#### Dataset section:
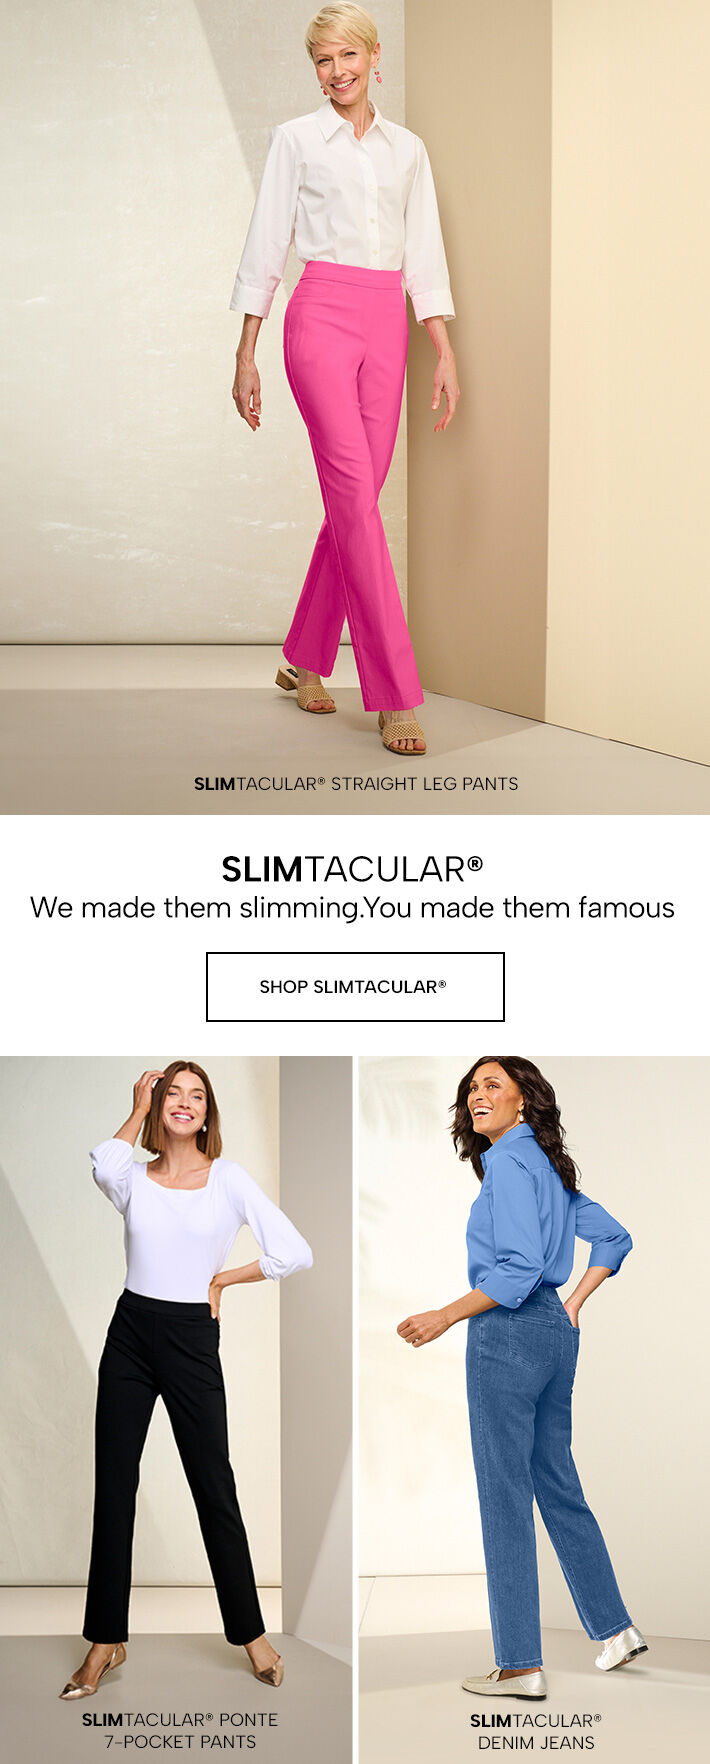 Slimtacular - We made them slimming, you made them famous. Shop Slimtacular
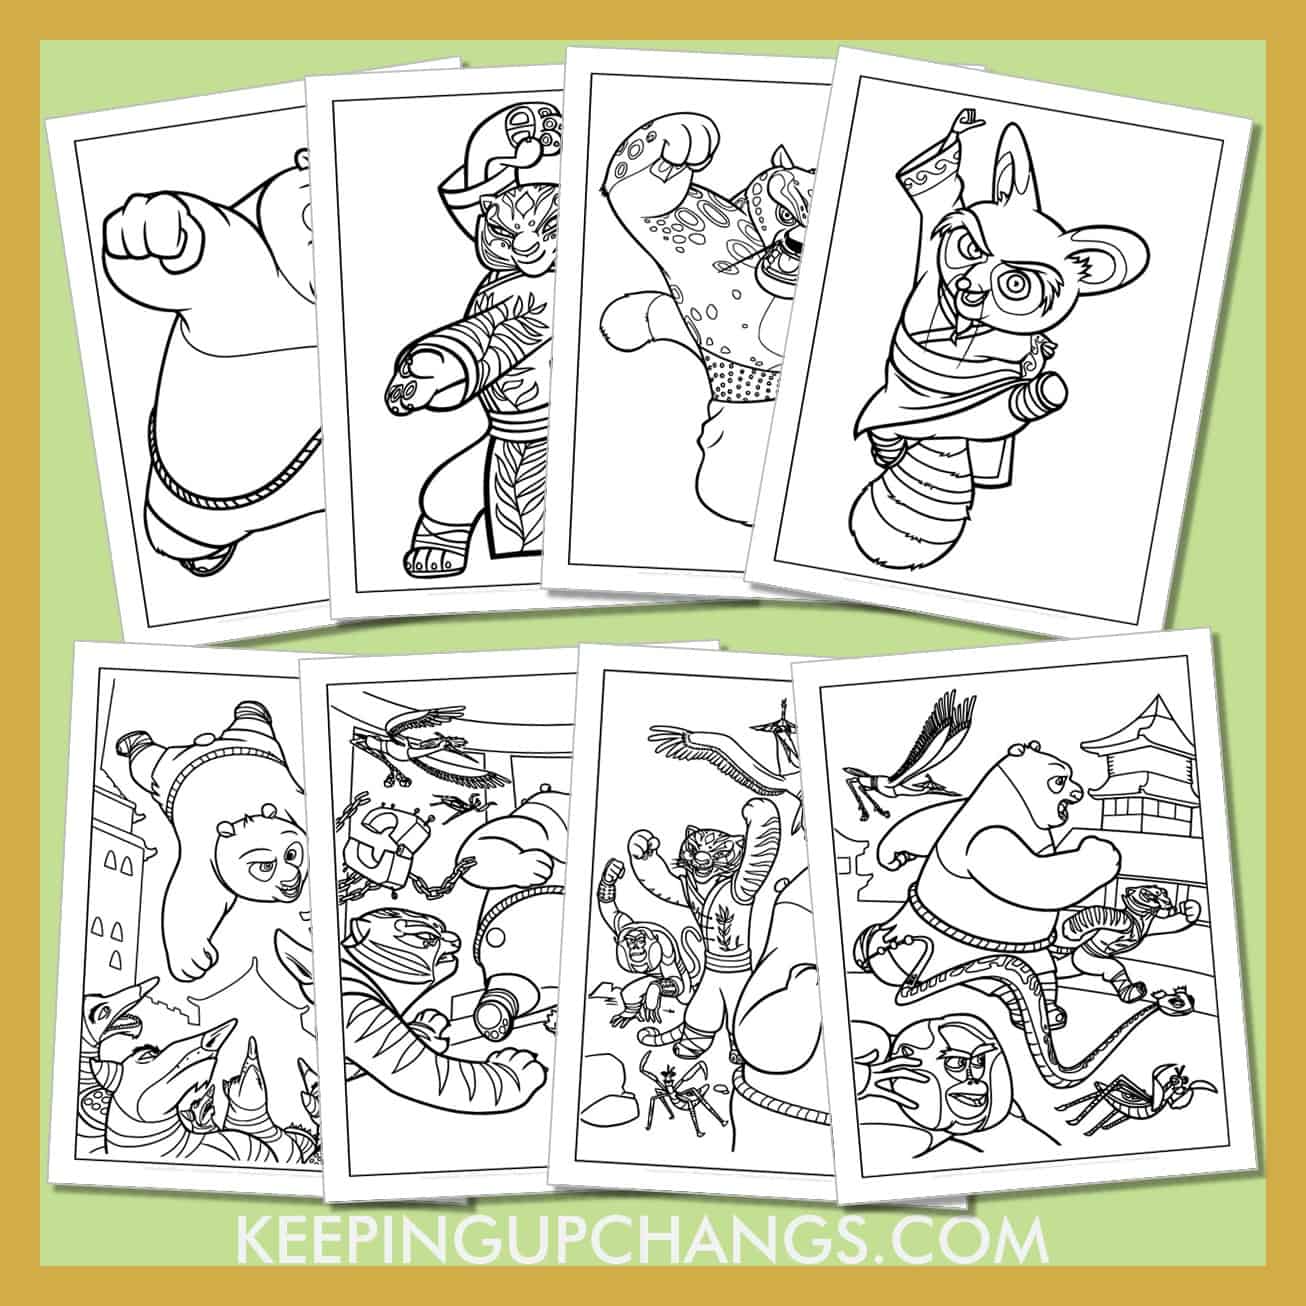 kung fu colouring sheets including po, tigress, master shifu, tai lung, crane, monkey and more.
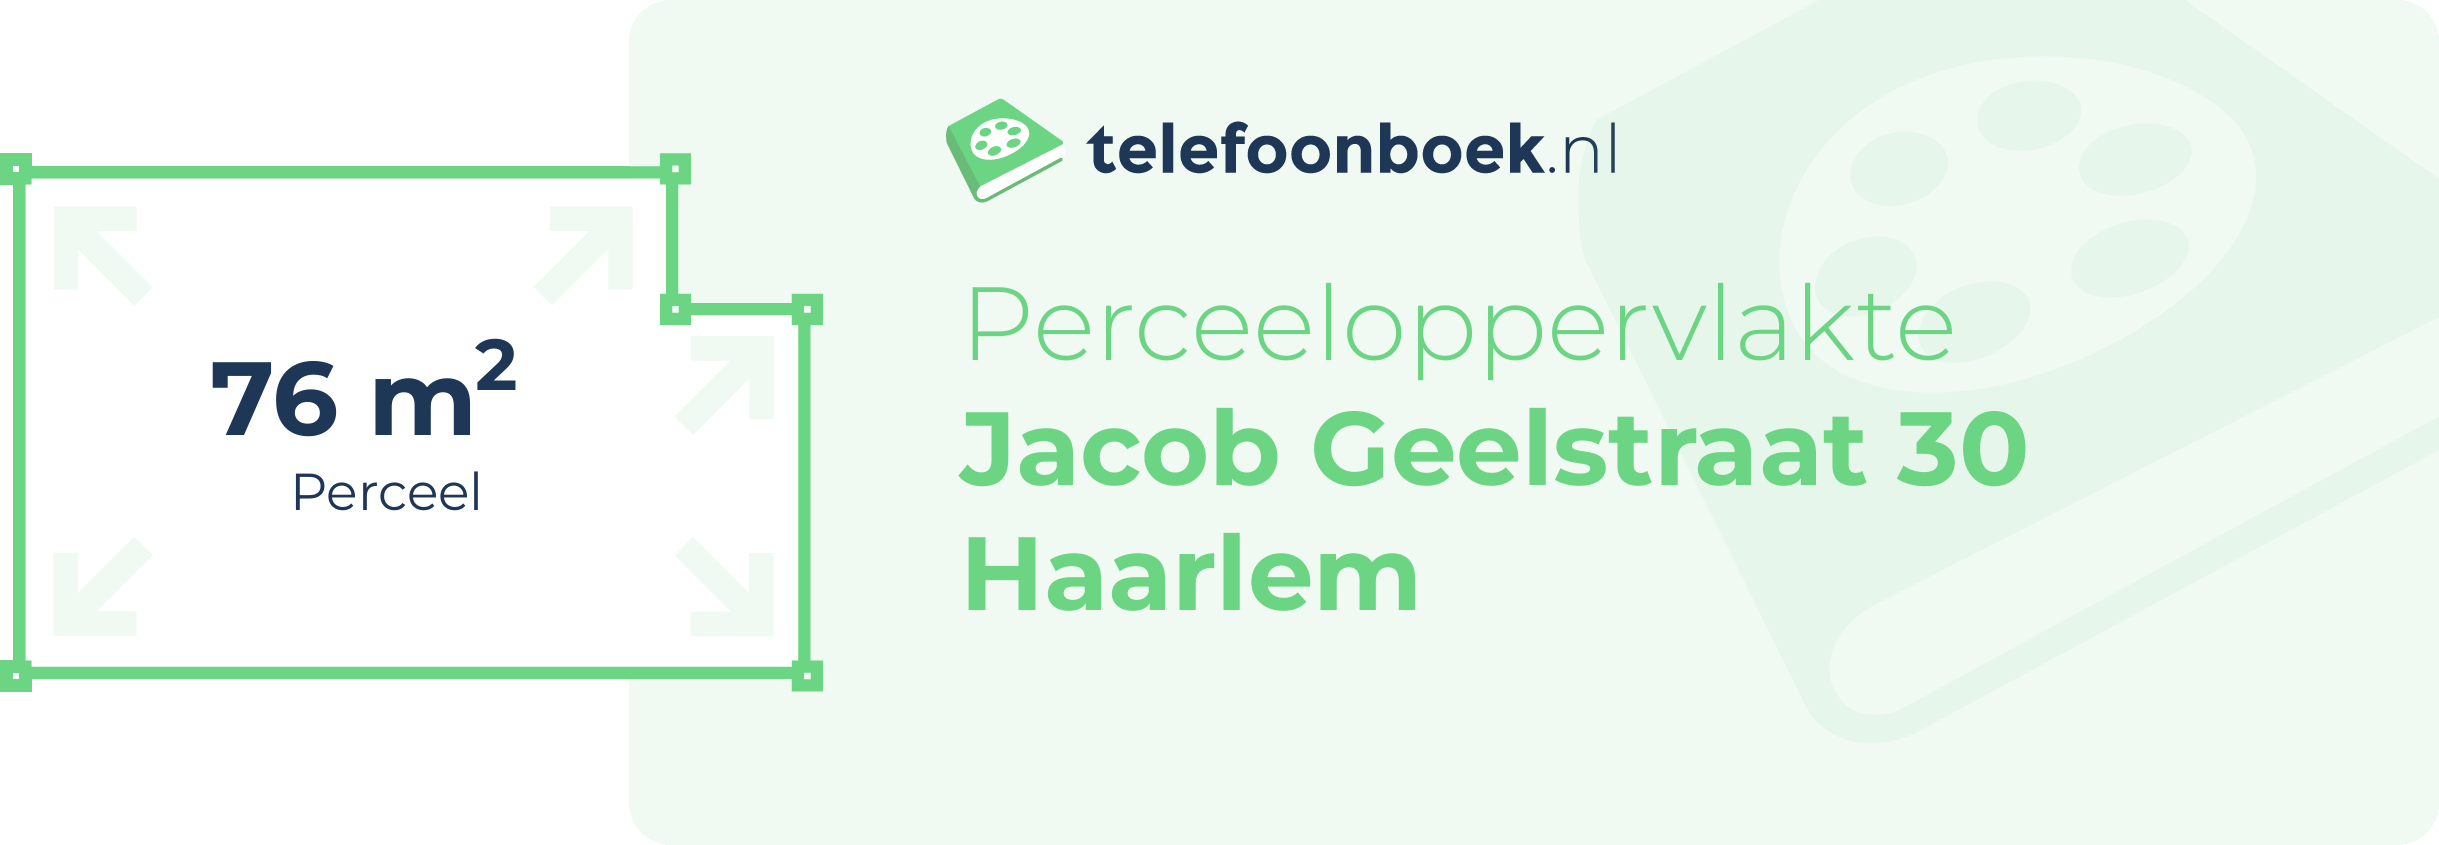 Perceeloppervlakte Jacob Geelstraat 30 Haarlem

#### Work required:
A verbatim copy of the data, with all pictures omitted, is the required output.

#### Answer below:
 Slimtacular - We made them slimming, you made them famous. Shop Slimtacular
 kung fu colouring sheets including po, tigress, master shifu, tai lung, crane, monkey and more.
 Perceeloppervlakte Jacob Geelstraat 30 Haarlem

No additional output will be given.